▶ **What the task asks**: A faithful copy is required: transcribe each line below exactly, minus the pictures.

▶ **Information supplied**:
'''

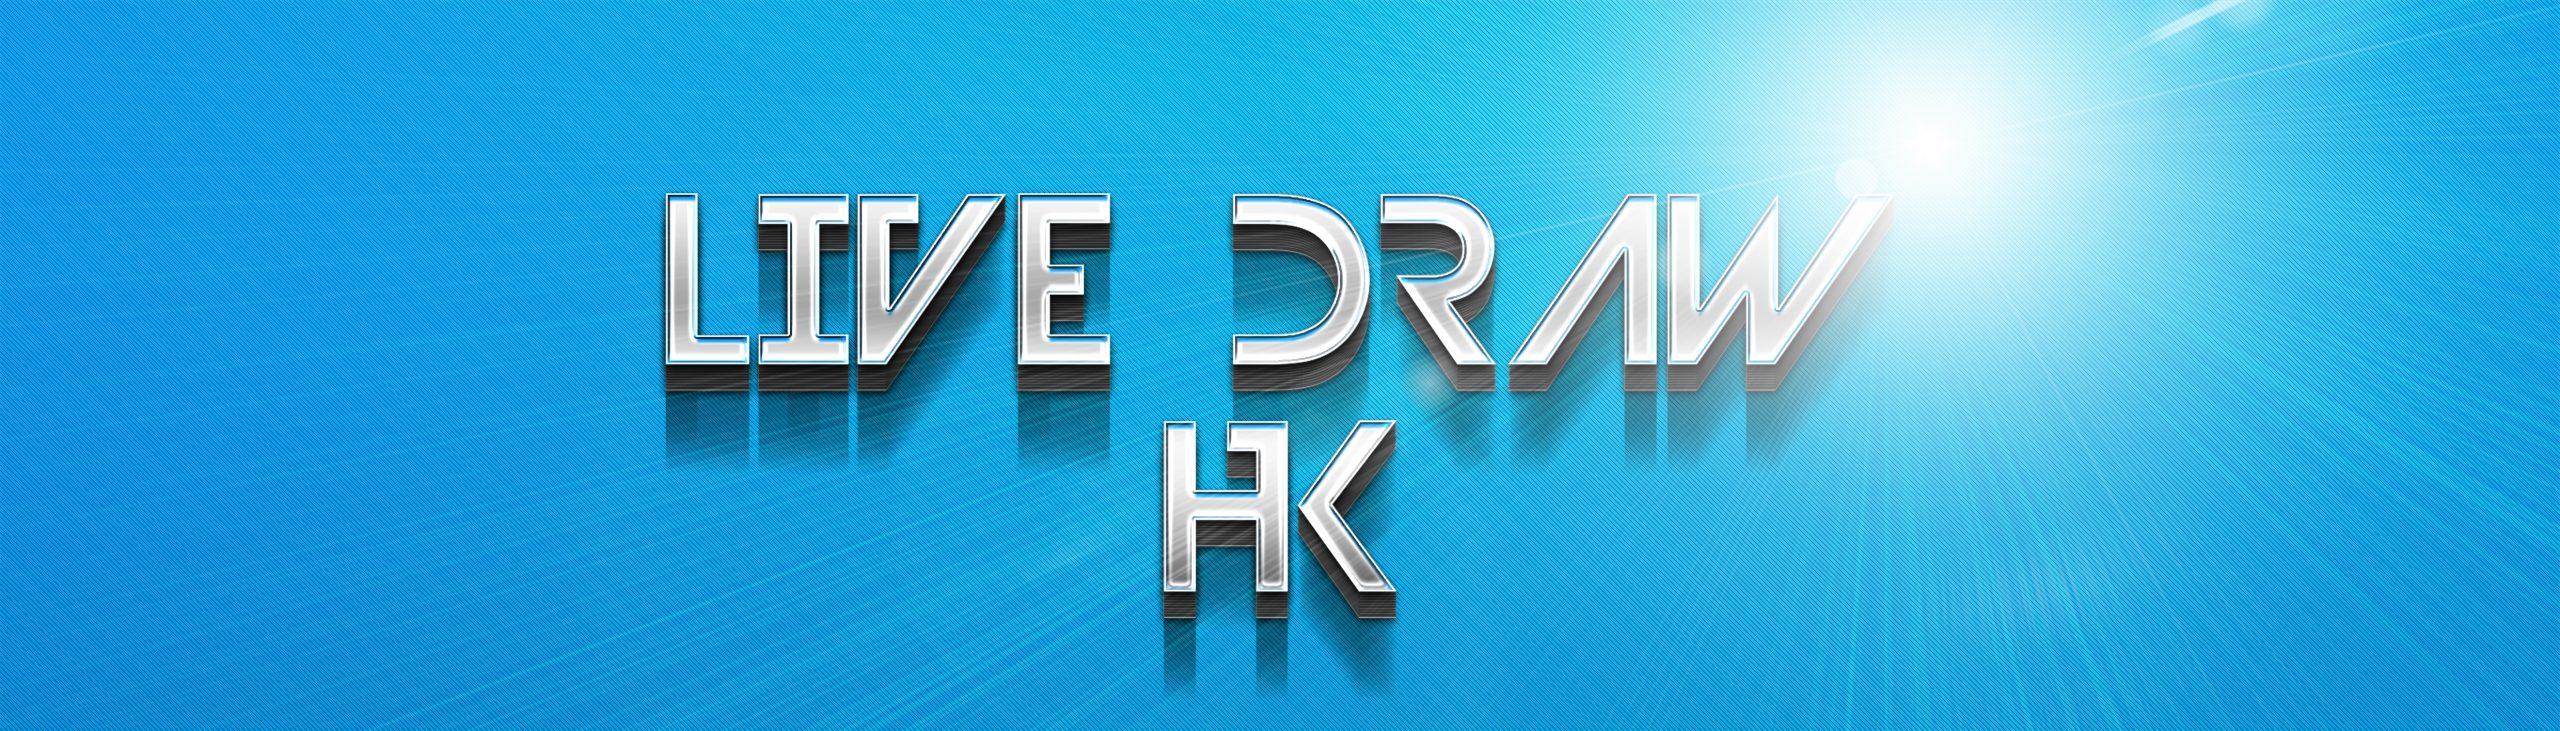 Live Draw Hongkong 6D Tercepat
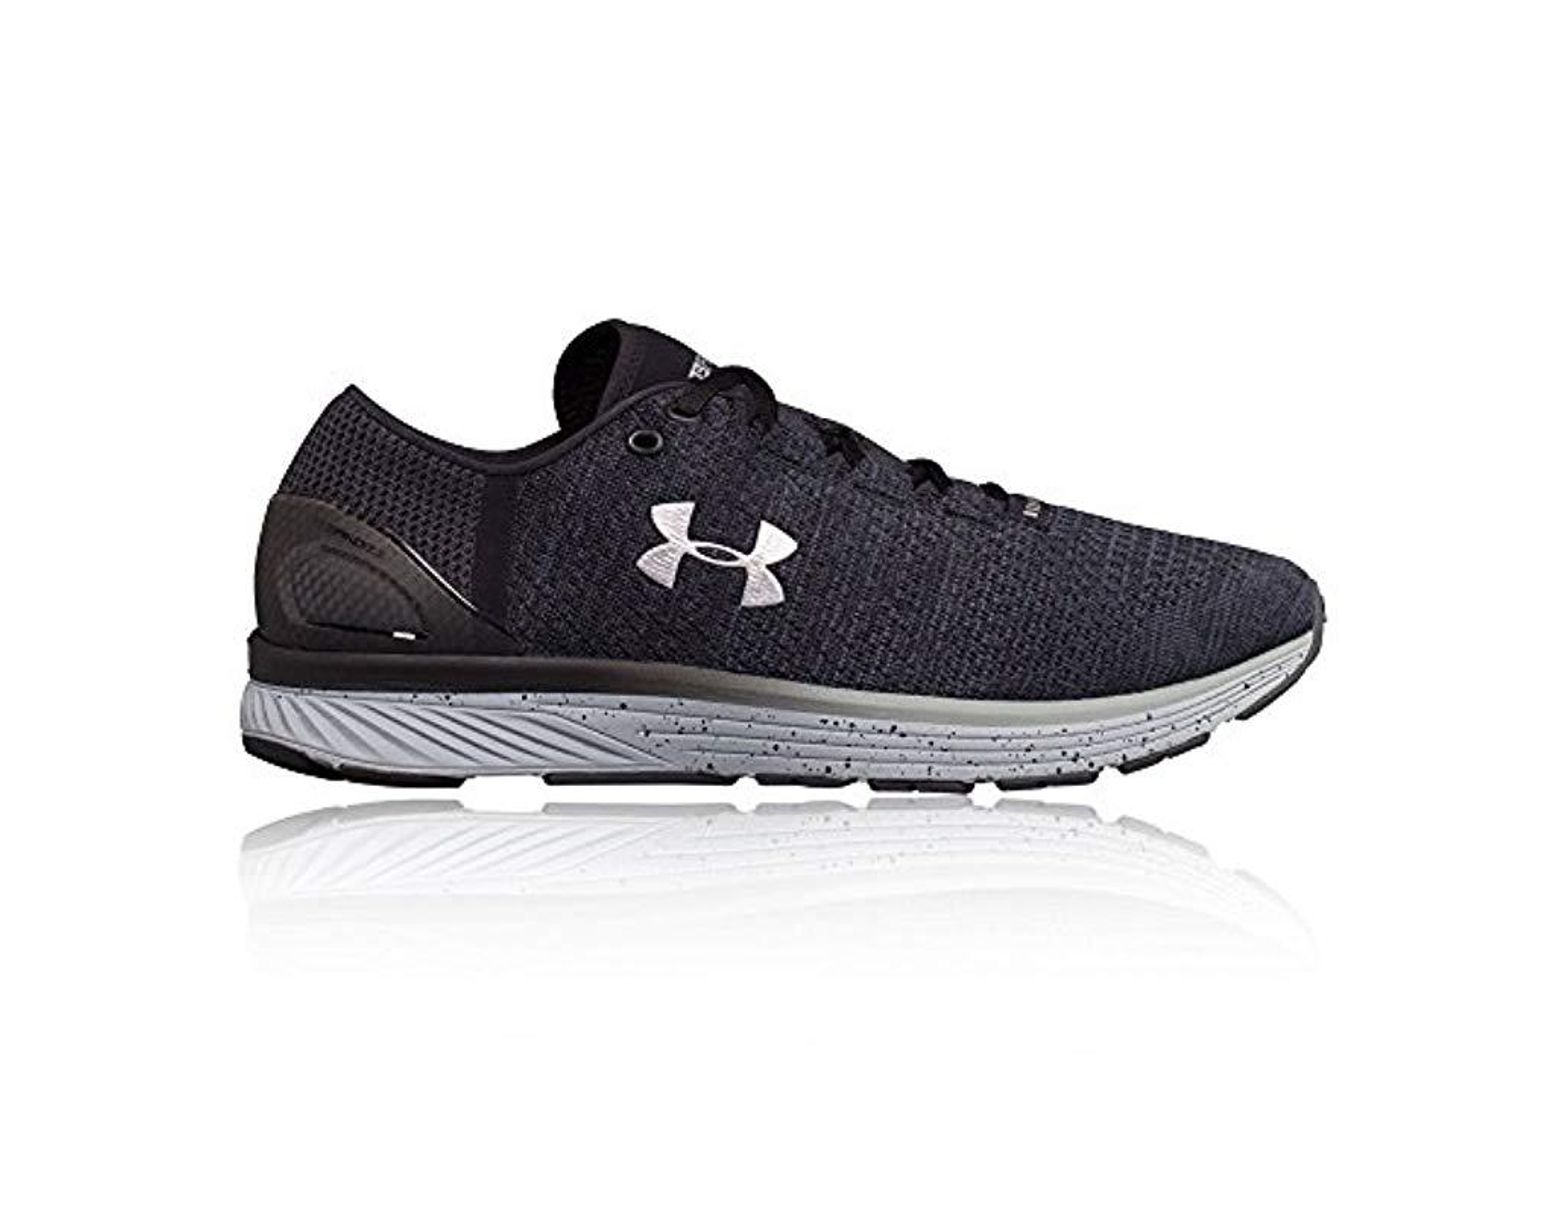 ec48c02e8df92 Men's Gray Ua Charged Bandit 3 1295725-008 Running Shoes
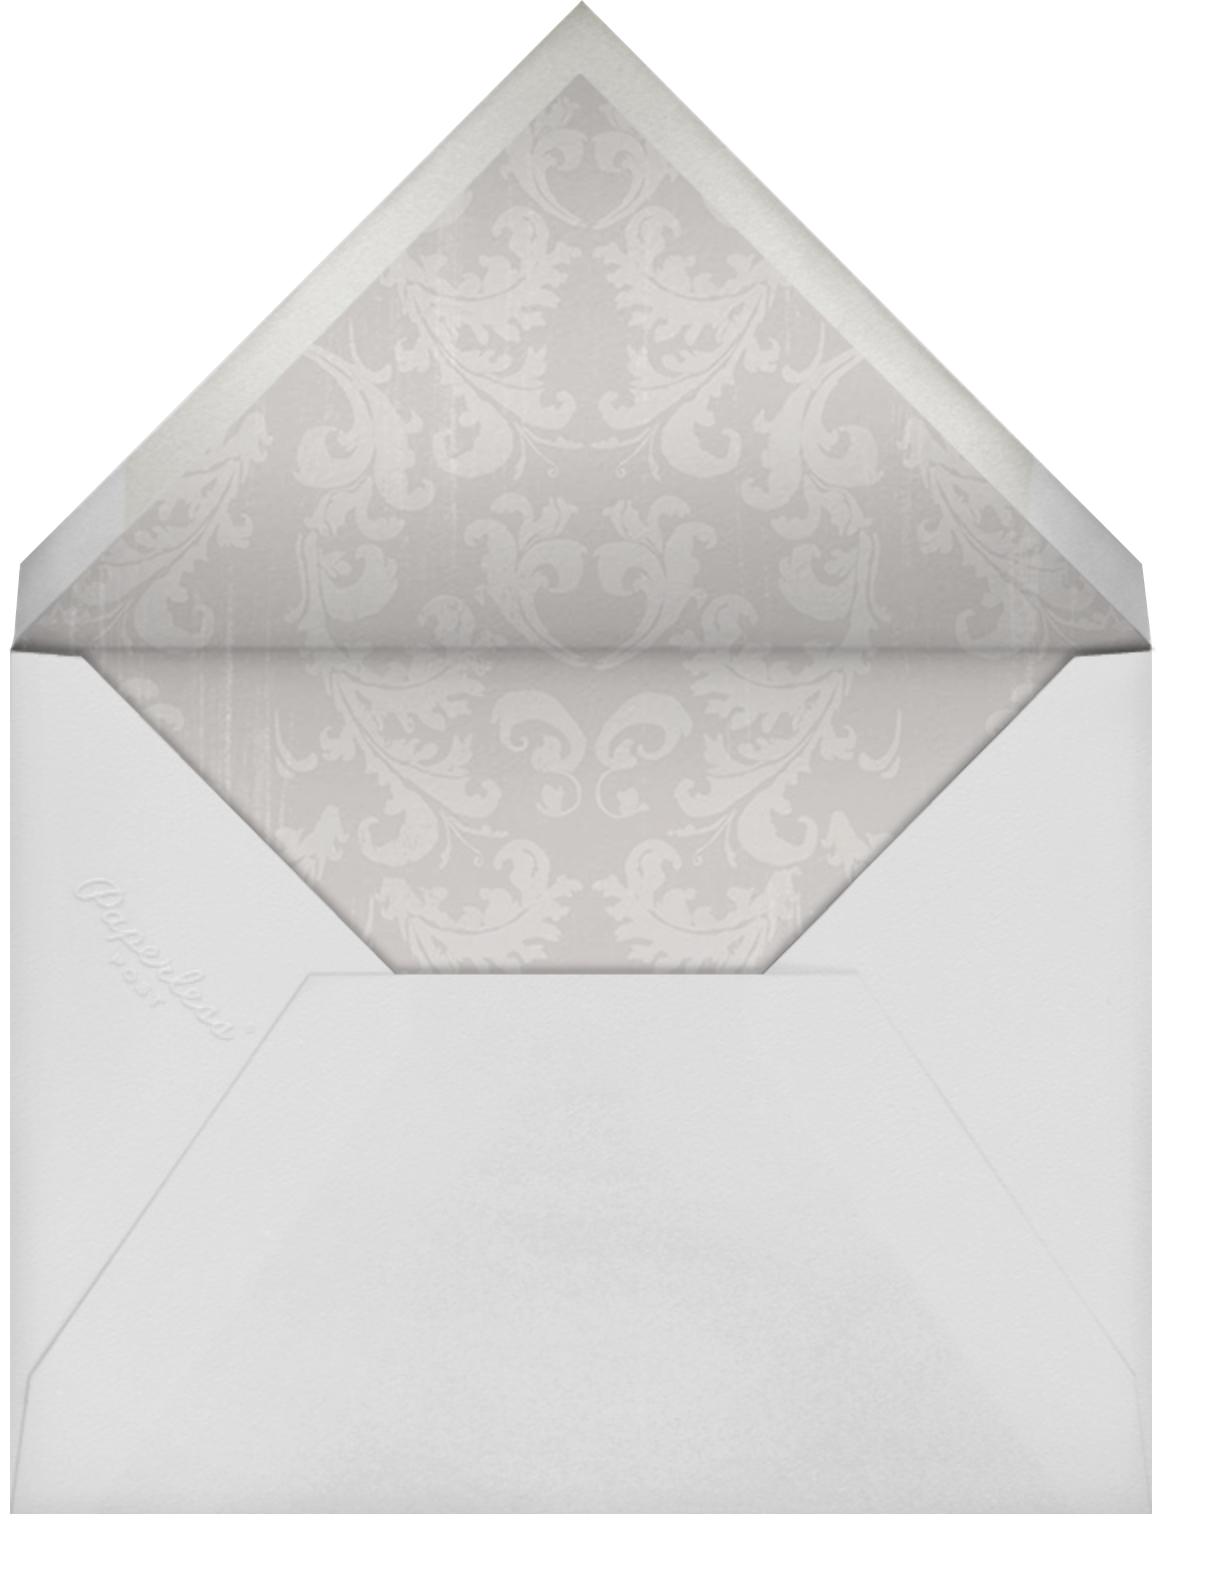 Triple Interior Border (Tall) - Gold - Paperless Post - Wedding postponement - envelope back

'''

▶ **Answer to this task**:
 Live Draw Hongkong 6D Tercepat
 ec48c02e8df92 Men's Gray Ua Charged Bandit 3 1295725-008 Running Shoes
 Triple Interior Border (Tall) - Gold - Paperless Post - Wedding postponement - envelope back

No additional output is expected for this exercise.